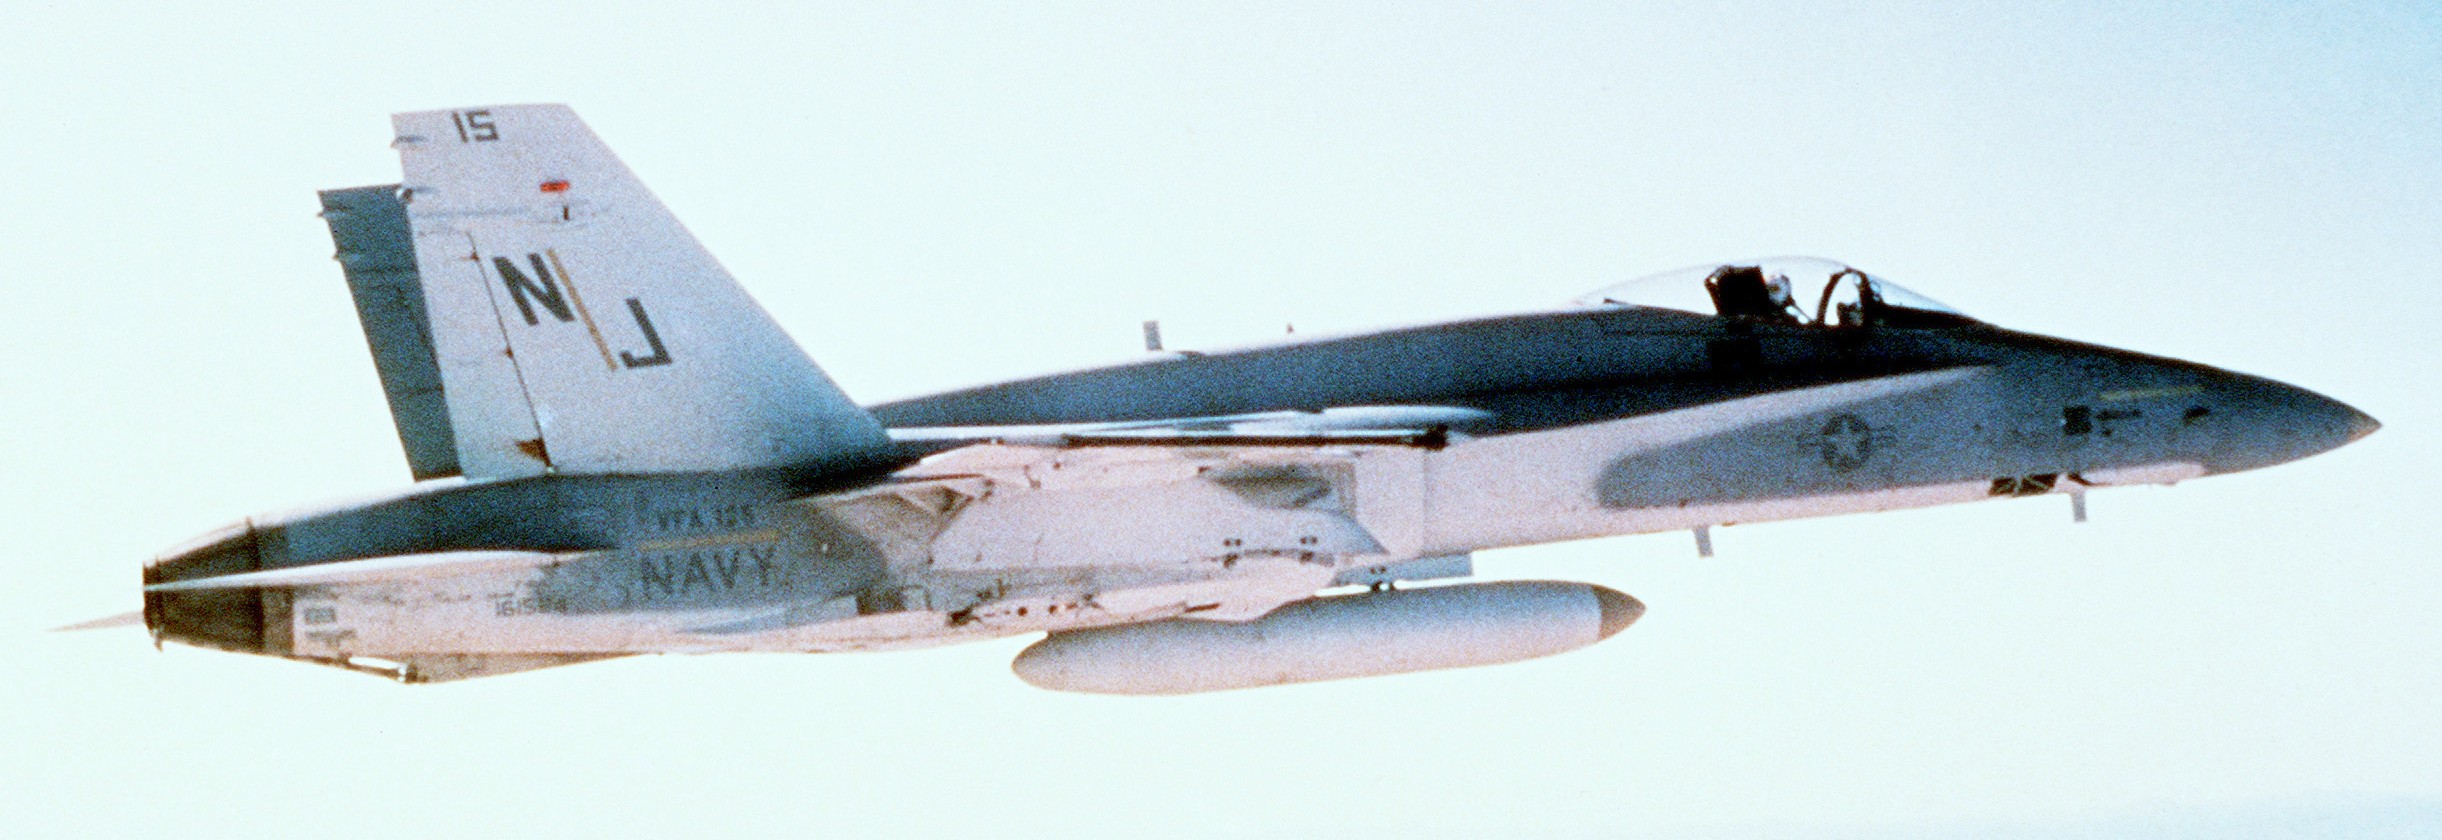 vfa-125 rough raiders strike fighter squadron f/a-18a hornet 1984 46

...

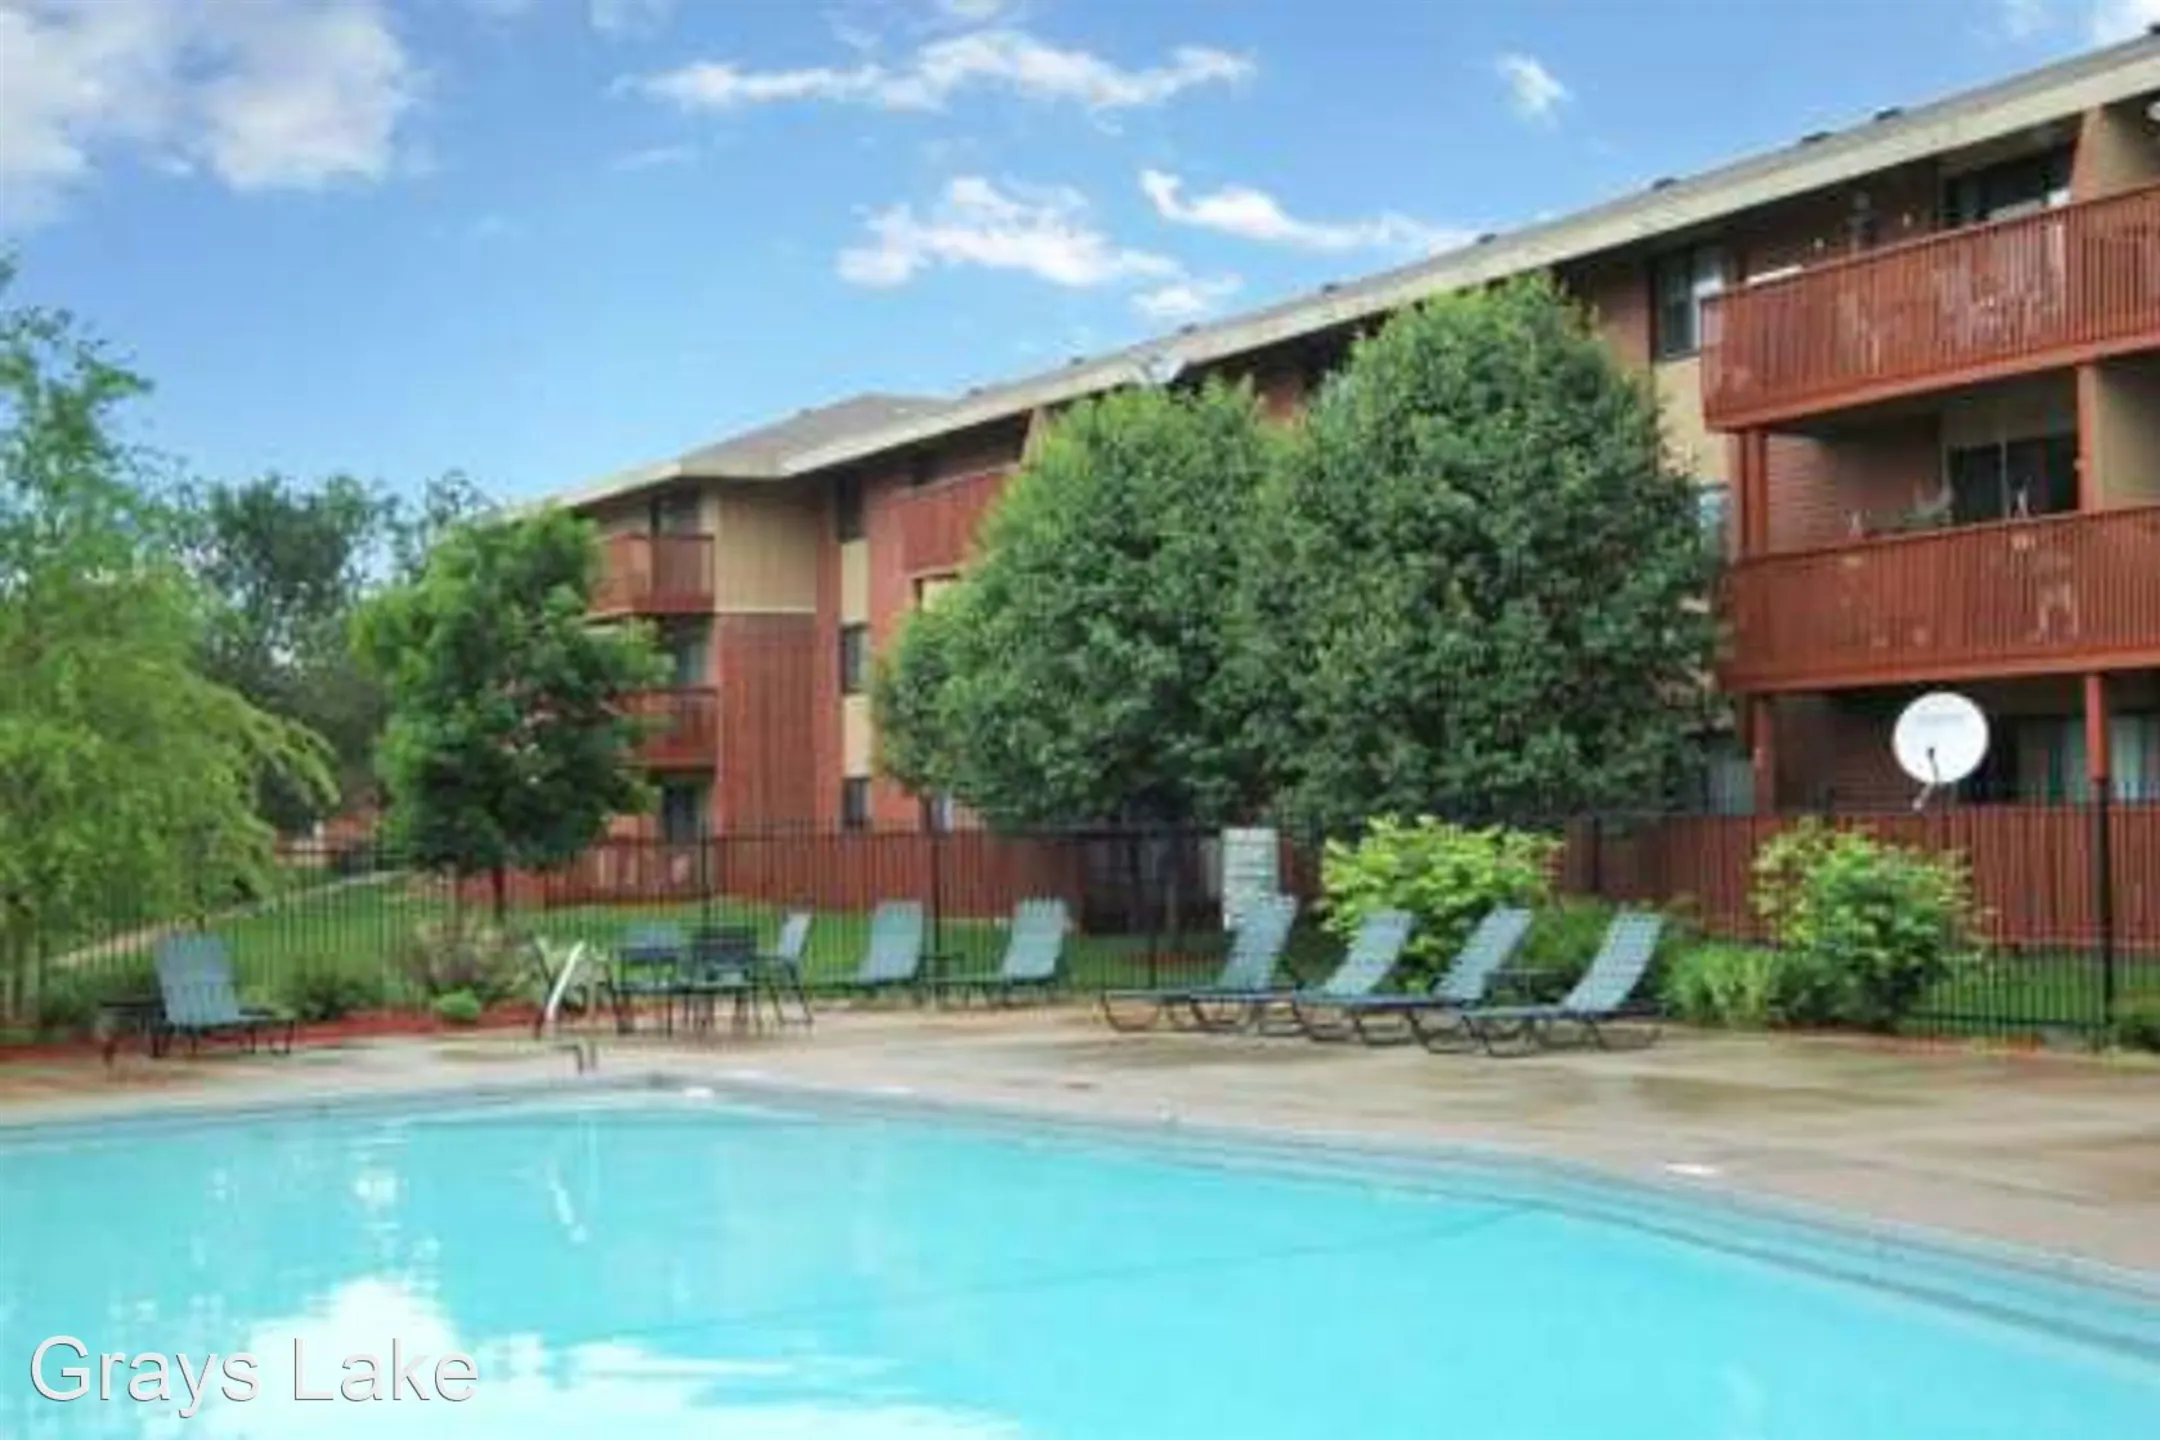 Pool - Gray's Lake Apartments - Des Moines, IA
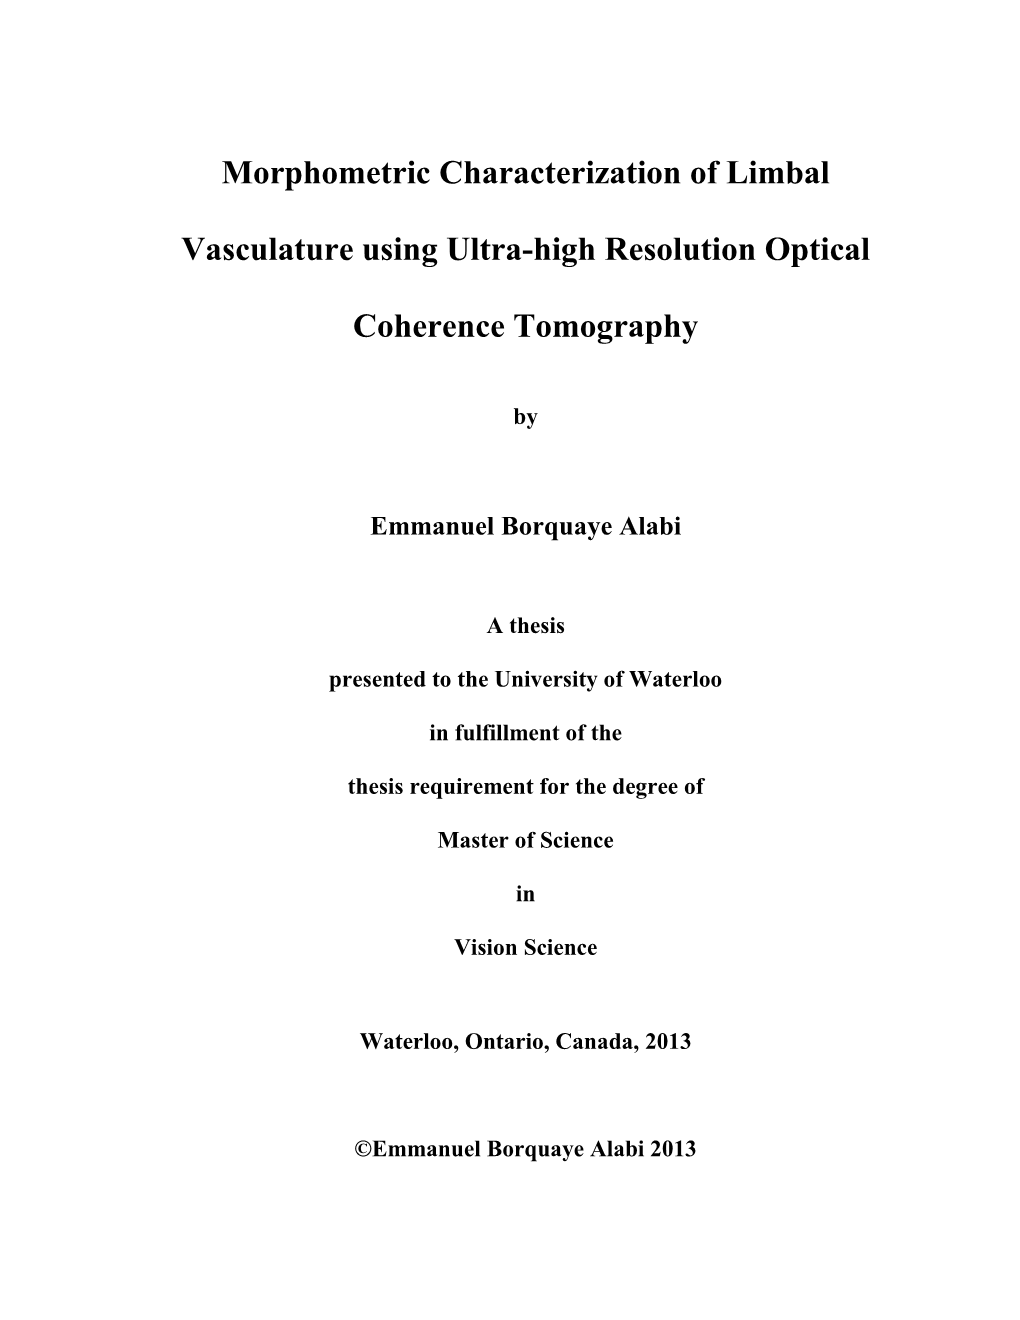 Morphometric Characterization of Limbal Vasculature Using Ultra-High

...

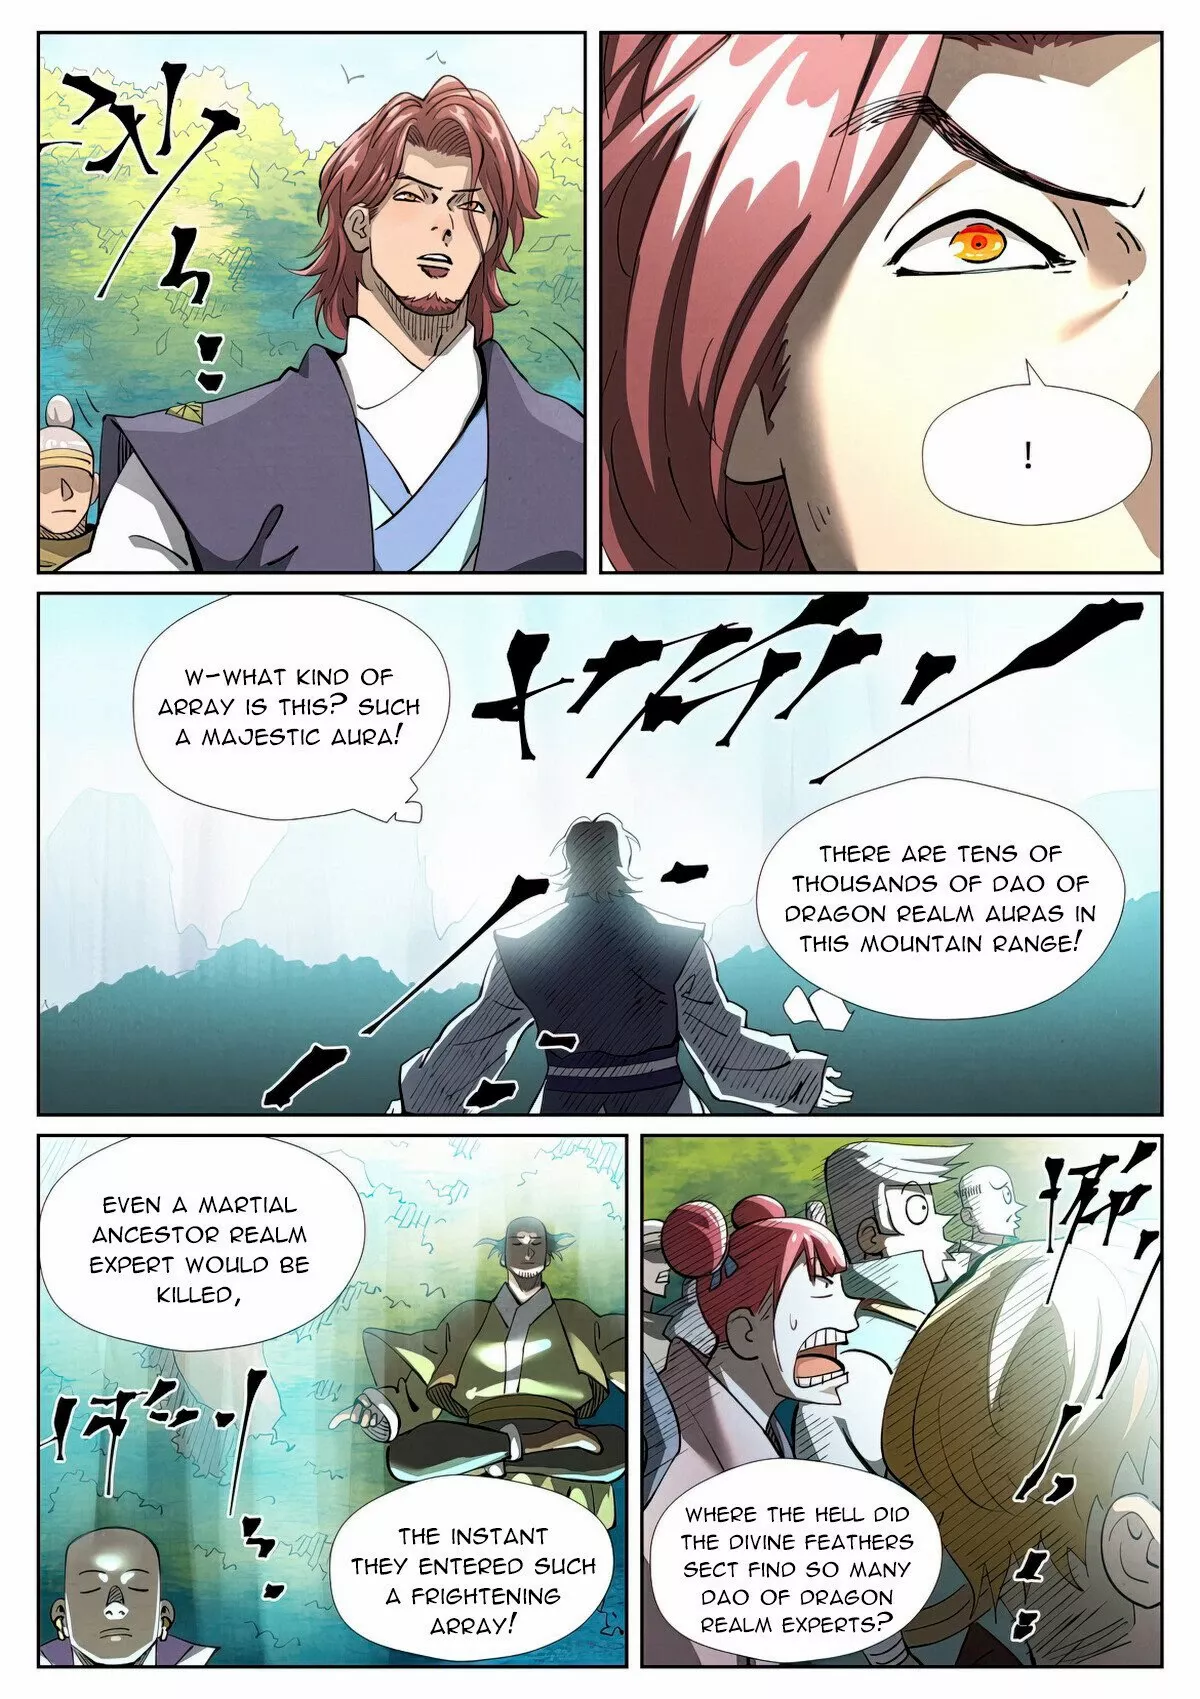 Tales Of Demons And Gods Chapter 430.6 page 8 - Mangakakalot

◆ REQUIRED WORK: Set down again, word for word, every line from the one with "Pool - Gray's" to the one with "Morphometric Characterization of" in the entries above, and omit the pictures.

◆ RESPONSE TO THE EXERCISE:
 Pool - Gray's Lake Apartments - Des Moines, IA
 Morphometric Characterization of Limbal Vasculature Using Ultra-High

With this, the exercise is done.